**GIVEN INFORMATION:**
************
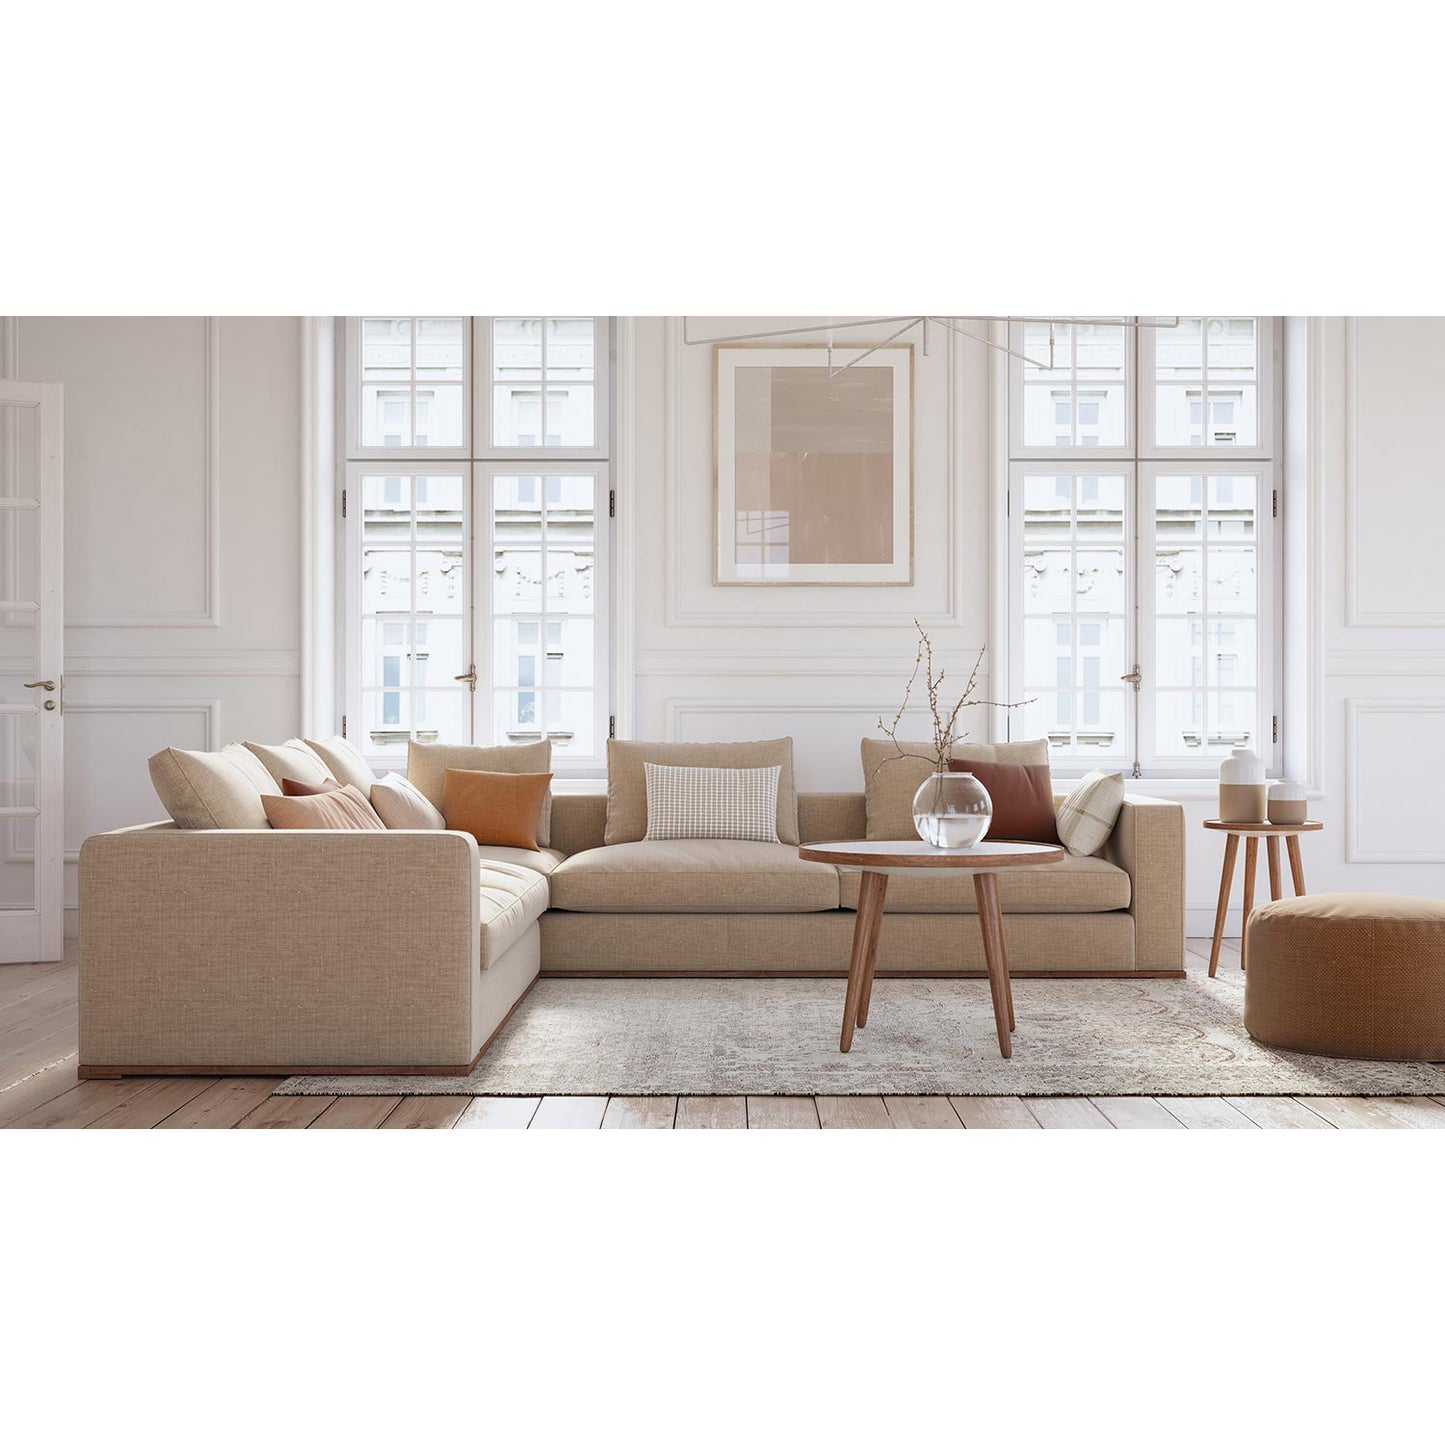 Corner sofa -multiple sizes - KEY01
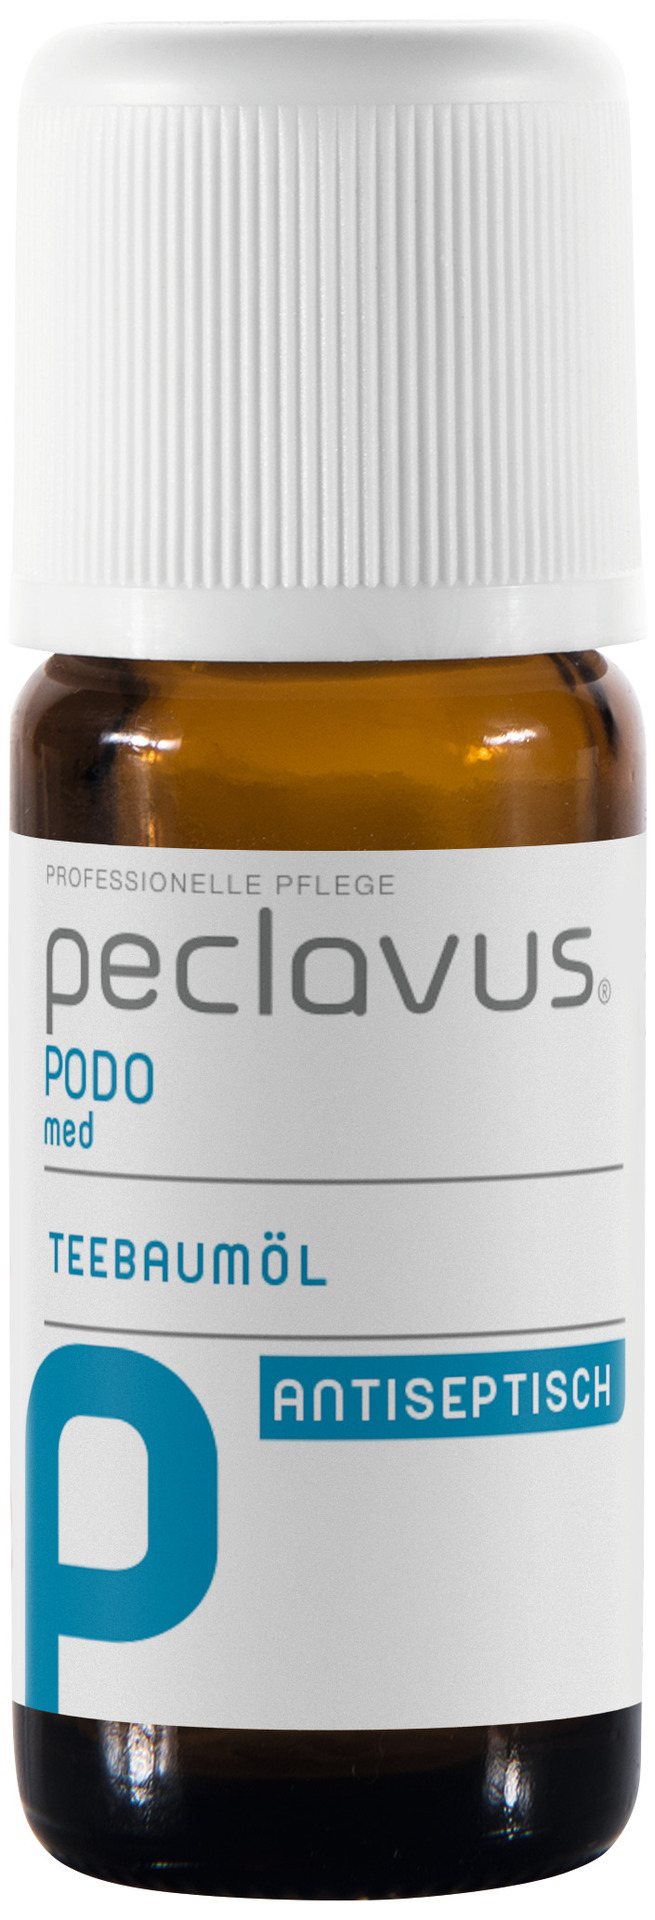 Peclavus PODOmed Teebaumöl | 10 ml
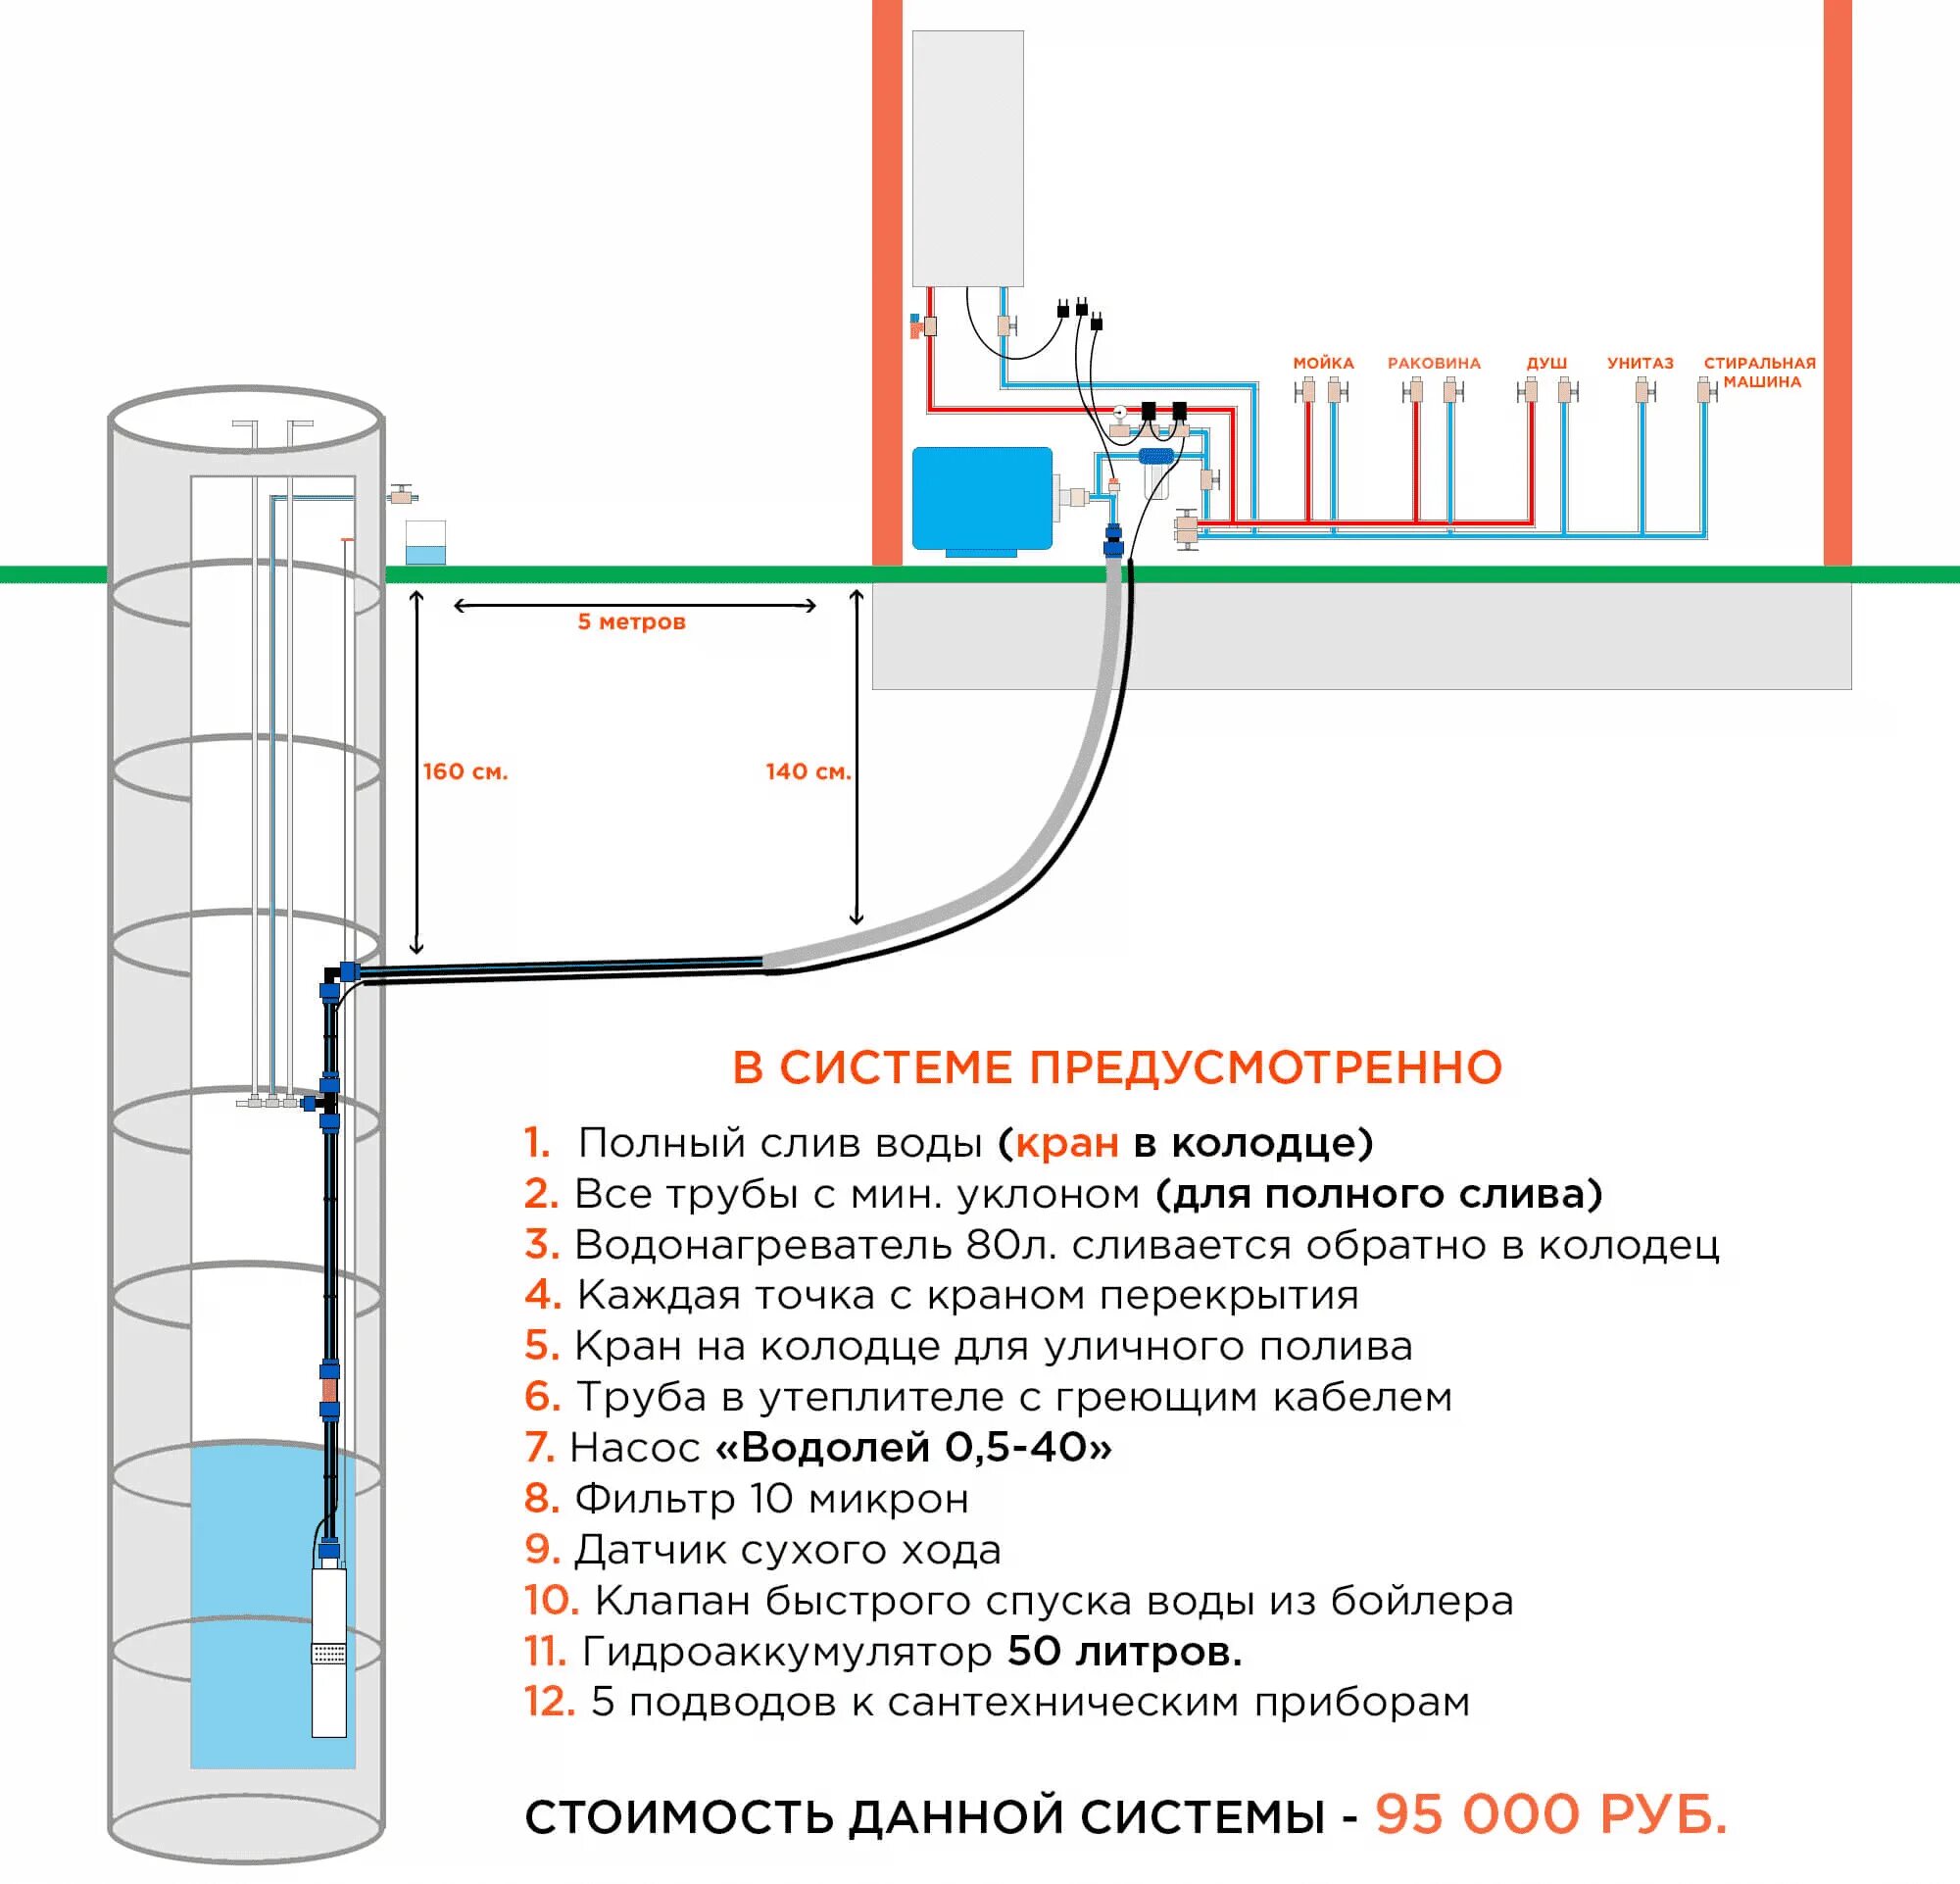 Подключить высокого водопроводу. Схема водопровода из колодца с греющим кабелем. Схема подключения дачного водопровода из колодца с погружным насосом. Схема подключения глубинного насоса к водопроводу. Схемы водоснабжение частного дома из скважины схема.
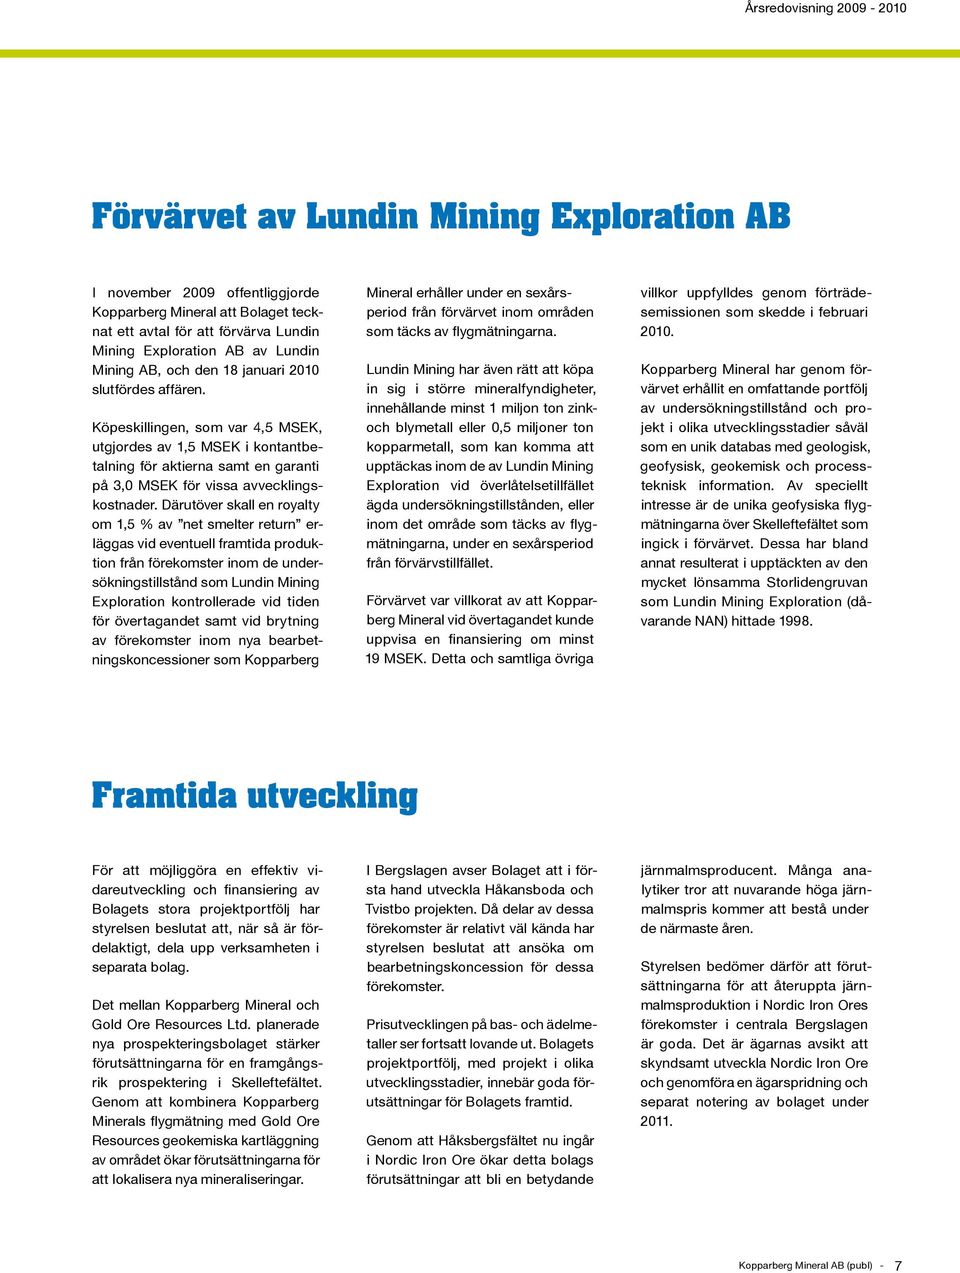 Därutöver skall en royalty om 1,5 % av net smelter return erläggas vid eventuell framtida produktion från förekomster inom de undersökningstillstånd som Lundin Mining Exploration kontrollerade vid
************
**TASK ITEM:** Faithful copy, images left out: write out every line of data.

**RESULT OF THE EXERCISE:**
 Corner sofa -multiple sizes - KEY01
 Peclavus PODOmed Teebaumöl | 10 ml
 Подключить высокого водопроводу. Схема водопровода из колодца с греющим кабелем. Схема подключения дачного водопровода из колодца с погружным насосом. Схема подключения глубинного насоса к водопроводу. Схемы водоснабжение частного дома из скважины схема.
 Därutöver skall en royalty om 1,5 % av net smelter return erläggas vid eventuell framtida produktion från förekomster inom de undersökningstillstånd som Lundin Mining Exploration kontrollerade vid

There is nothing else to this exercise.